After breakfast we debated whether to target Kansas or Nebraska.  We settled on the Kansas target as the helicity was forecast to increase later as the low level jet strengthened.  As we started south toward Salina, we passed Andrew Pritchard heading north making for the Nebraska target.  Who would pick the right target?  In the end... none of us.

The dryline lit up much earlier than we hoped for, and filled in to the north looking way too linear.  Also, with strong jet stream overhead, storm speeds were ridiculously fast, approaching 60 mph.  The plan was to intercept the line and drop down from cell to cell or let them pass us.  There was no way we could keep up with them.  Some mammatus as we approaching the north end of the line near Lincoln, KS:
We stopped for some pictures near Vesper, KS, letting the line come to us.  Our view of the base was shrouded by precipitation so instead I shot a picture of this cow, and some convection going on the dryline to our west:
The College of DuPage team showed up a few minutes later and setup on the road north of us.

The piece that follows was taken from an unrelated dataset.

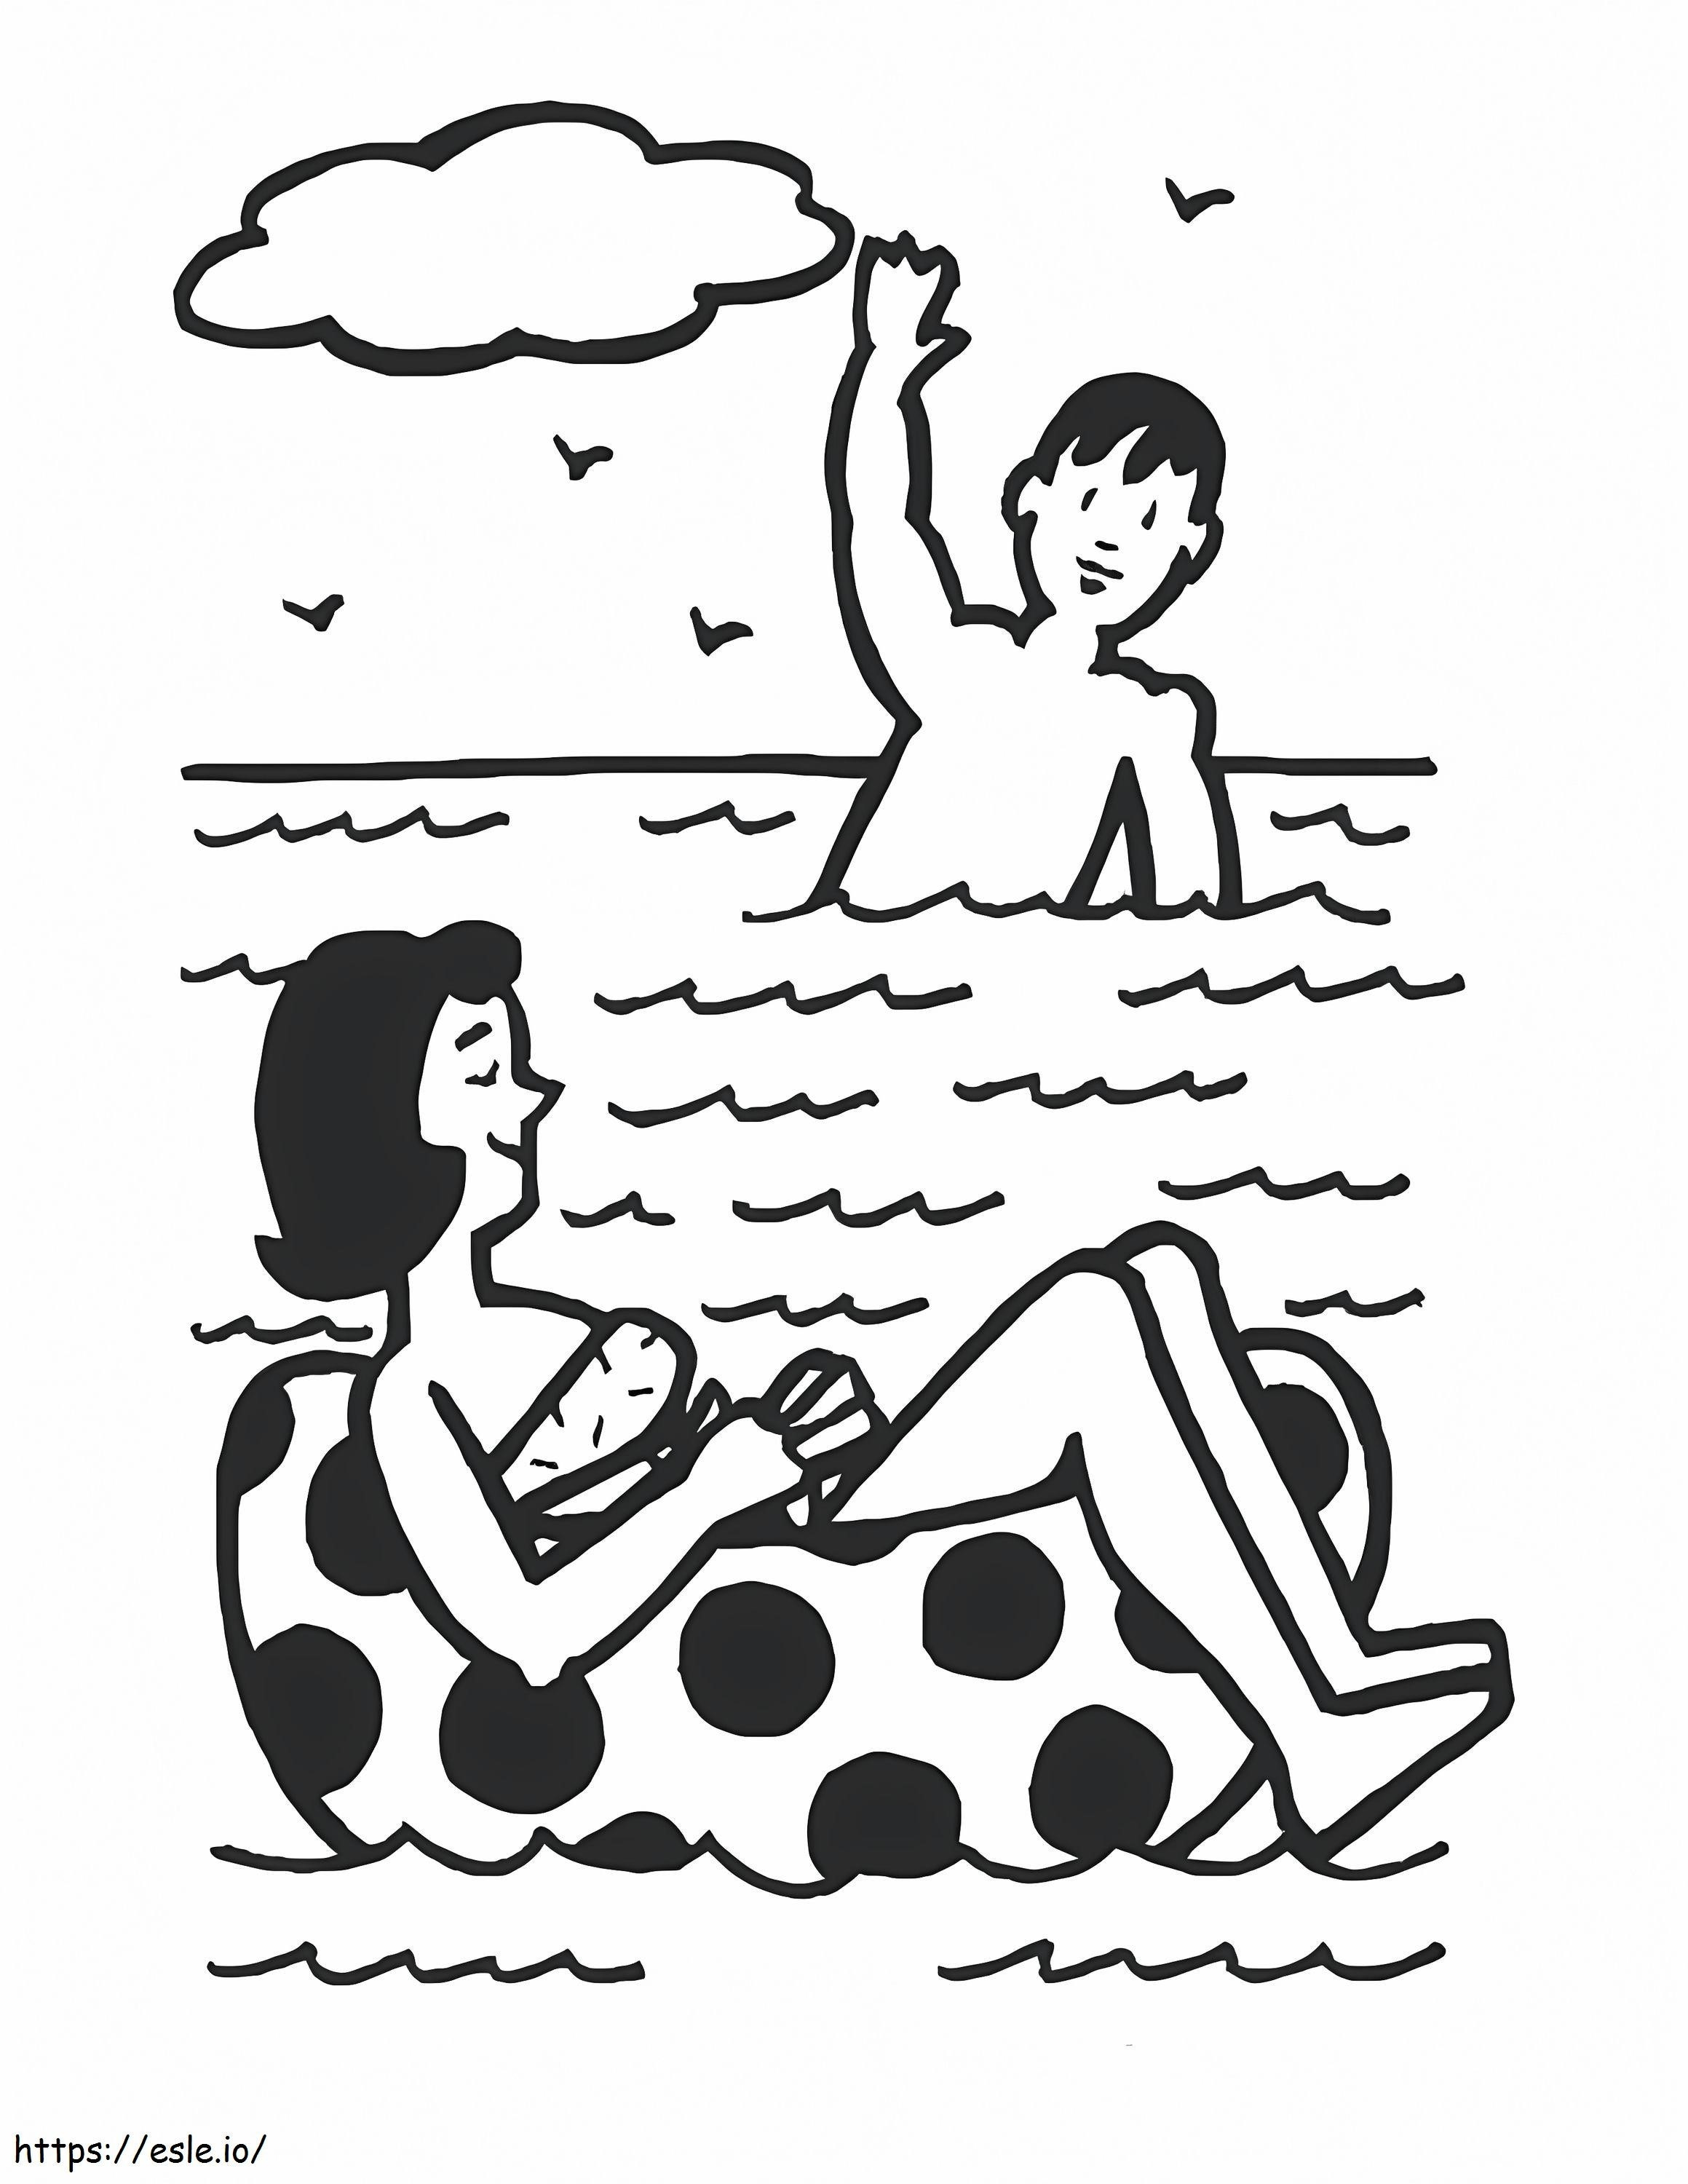 Dibujo de niño y niña nadando en la playa para colorear

We all agreed that our viewing from this position was not the best, so we went back east a bit and dropped south.  Looking east away from the storm with the anvil stretching overhead and mammatus underneath:
Looking west at billowing convection above the storm's updraft base as it went screaming by us to the north. 

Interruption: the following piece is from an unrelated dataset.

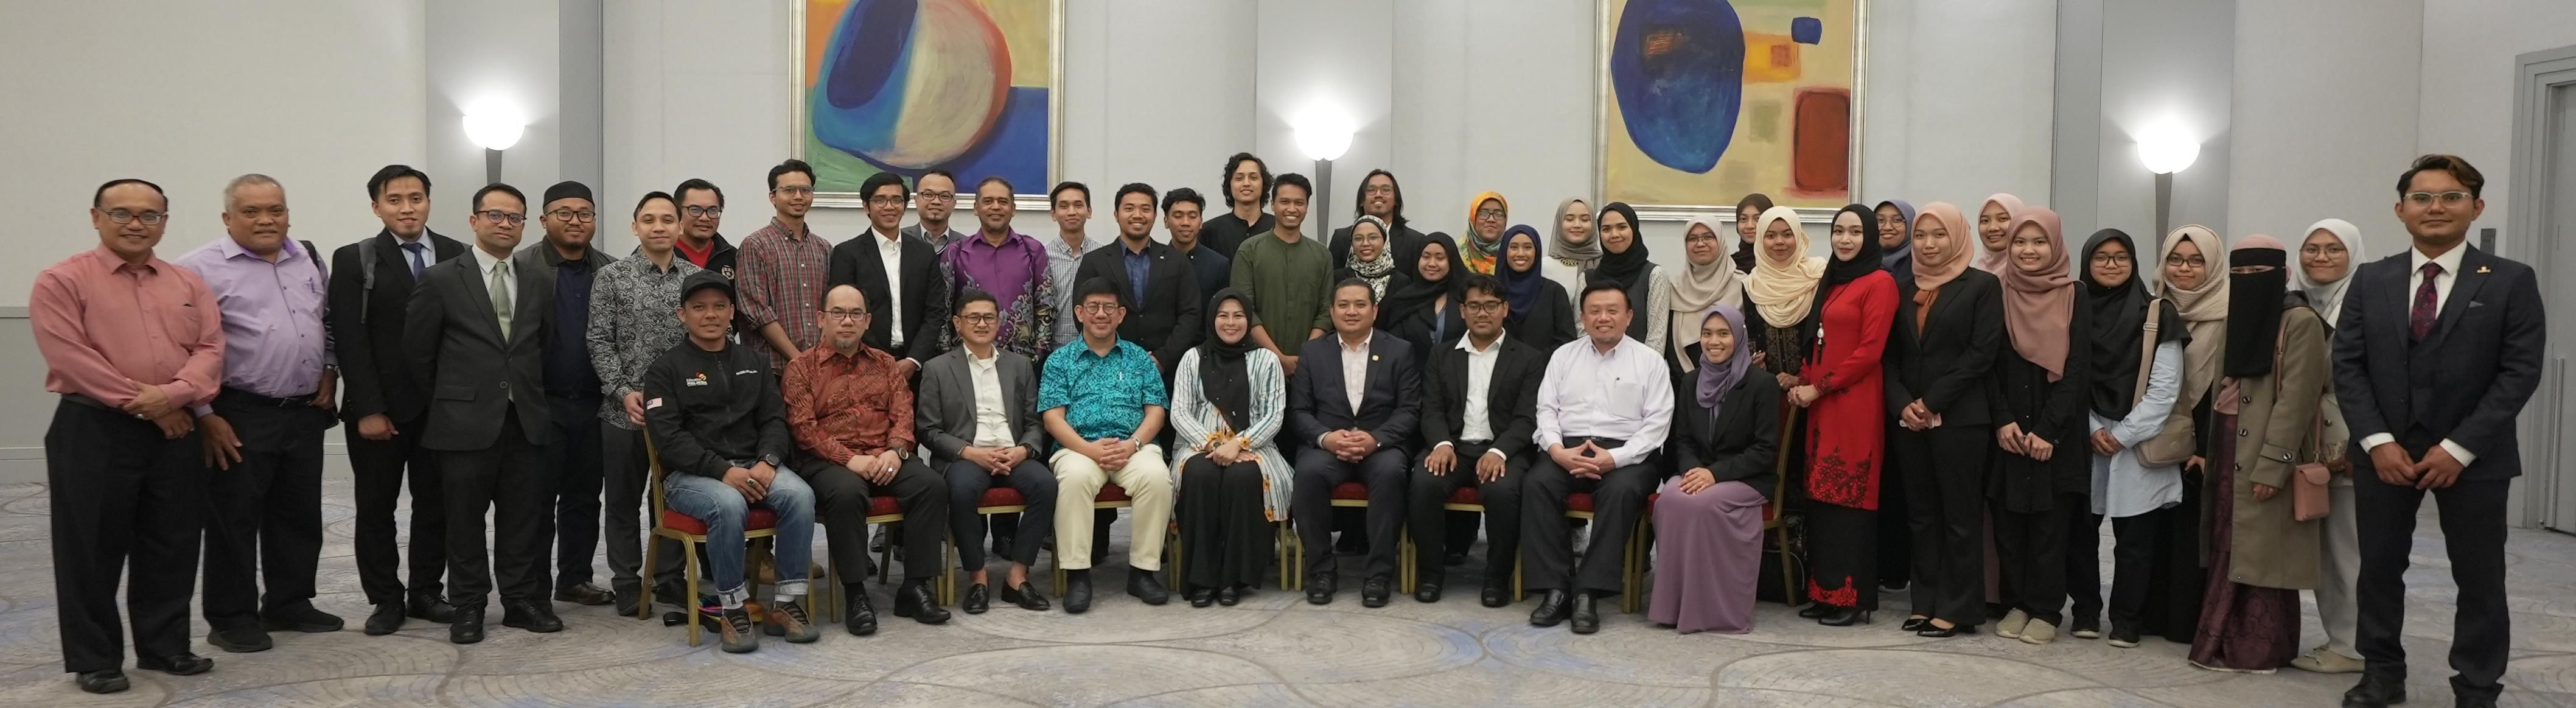 YBM Hadiri Sesi Libat Urus Bersama Pelajar Malaysia di Turki

A storm went tornado warned two counties to our south.  I wondered out loud if COD would haul down to that storm, and sure enough, we saw them fly past us two minutes later.  Some unidentifiable lowerings under the storm's base:
We eventually let our storm go and dropped down south to the tornado warned storm as well.  Visibility was not the best and we saw a ragged shelf like lowering ahead of a massive precipitation core:
Finally, a discrete storm went up ahead of the line well to our south.  Intercepting did not take long due to the storm motions, but we had to dodge a few severe cores on the way down.  The storm was exhibiting high precipitation qualities and we were unable to discern a good rain free base.  Looking southwest at the most discrete, tornado warned storm we saw that day:
We  were able to keep up with the storm for a short ways, while we had a road that paralleled it to the north before we had to turn east to avoid getting cored.  Some ragged lowerings under a very rainy base:
We lost the storm and stopped in McPherson for some grub, hoping to play Tail-End-Charlie of the line after dinner.  The line, however, extended all the way down to Texas and was one gigantic linear mess by that point.  We continued south however to mess around with a severe warned bow echo.  Chad got us worked up for a moment when he spotted this feature, but it was just scud condensing under a disorganized looking shelf cloud.

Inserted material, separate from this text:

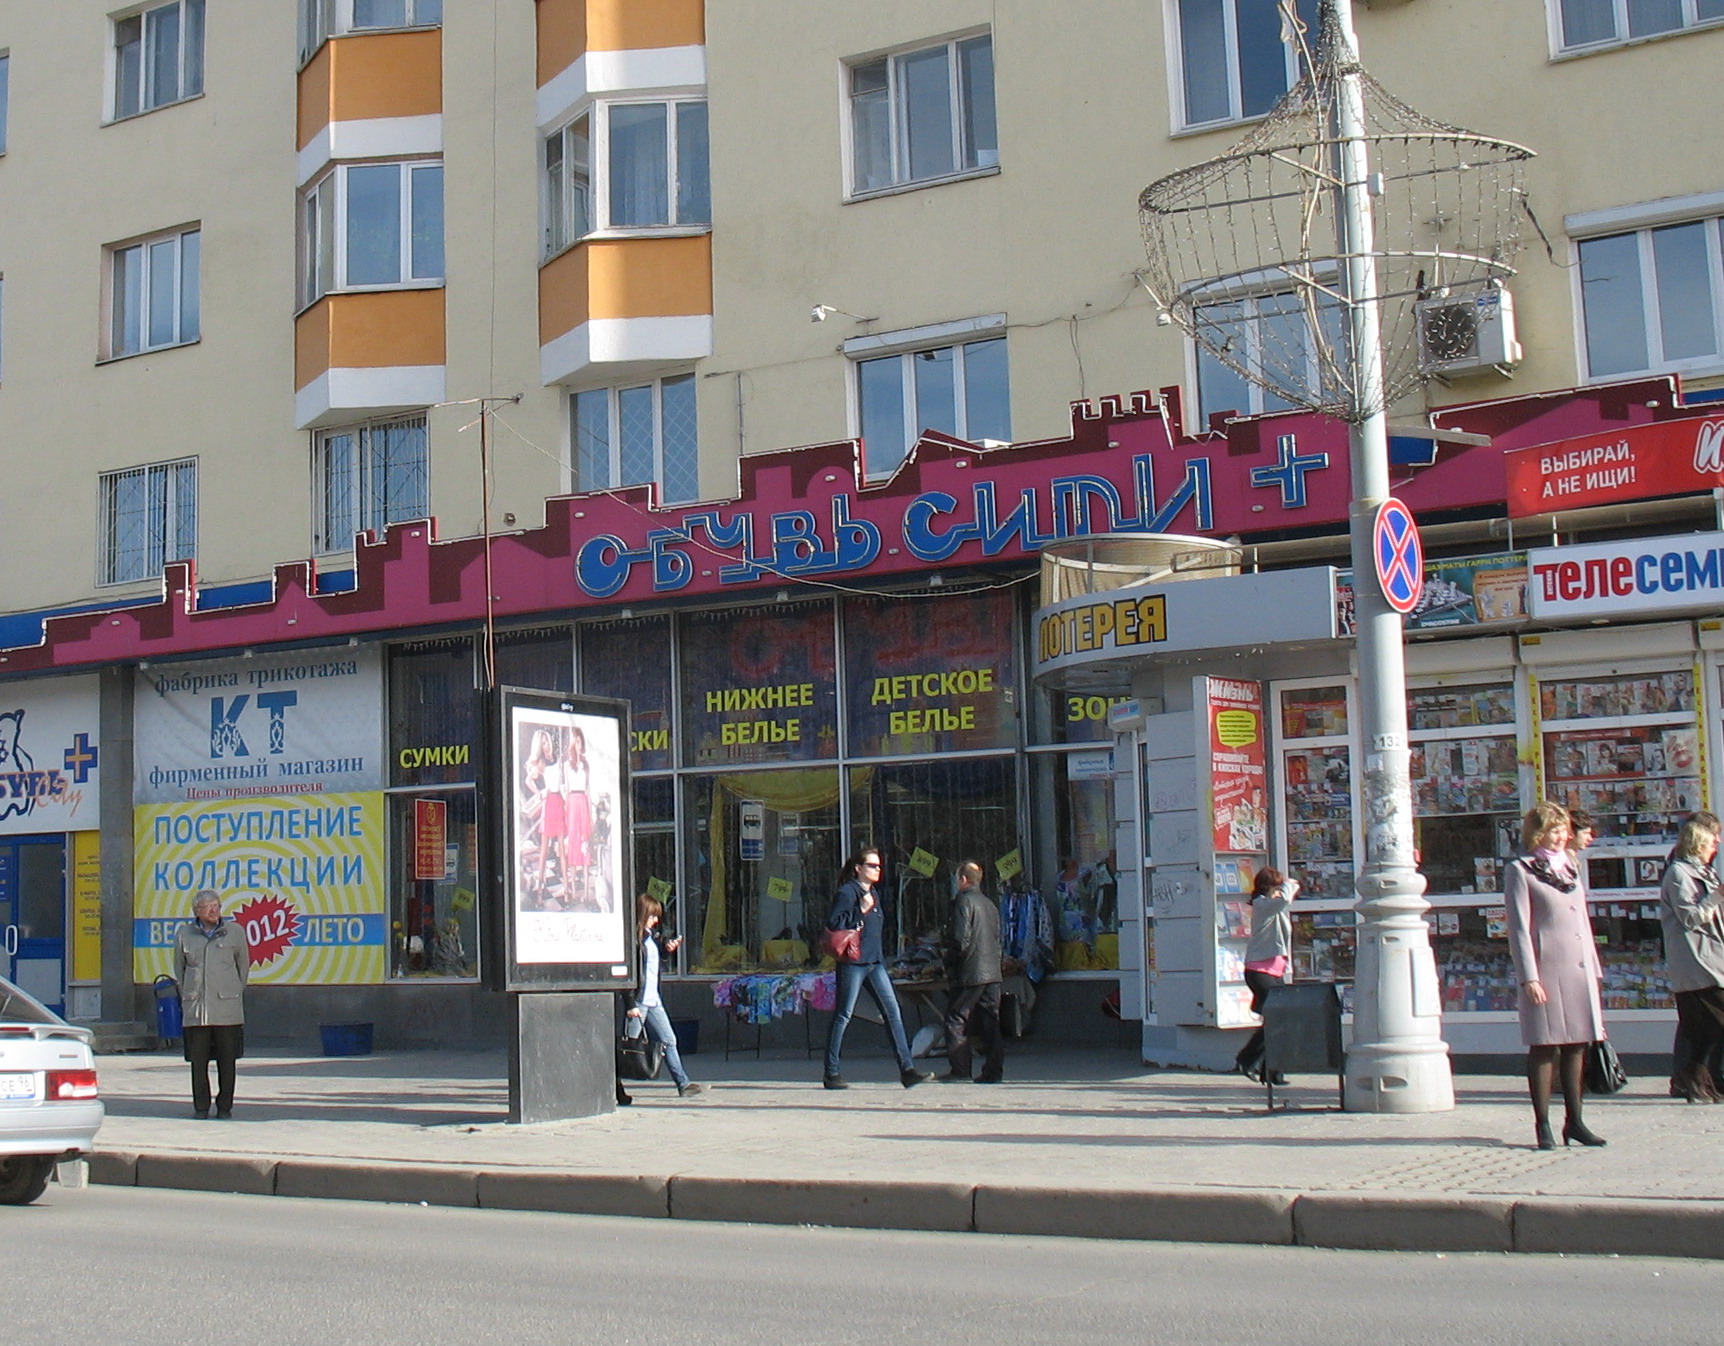 Где В Екатеринбурге Магазин

After letting the line hit us, and experiencing less than severe winds, we started heading east for home.  We finally broke out ahead of the line near Emporia, and had to turn off onto highway 136 in northern MO to keep ahead of it.  Along the way we followed a discrete storm ahead of the line that had a nice RFB and was exhibiting some rotation on the radar, but it eventually got gobbled up by the line north of St. Joseph.  We stopped in the small town of Unionville, MO where a woman in a nightrobe and slippers gave us a very large motel room at a very reasonable price.

This was supposed to be the main event of our trip, and a big high risk outbreak.  Instead we wound up with a gigantic squall line bust.  The Nebraska target didn't really fair any better with rather weak, scattered storm development.


Lessons Learned:

  • Extreme shear and instability make for a light speed, linear bust if there is no directional shear.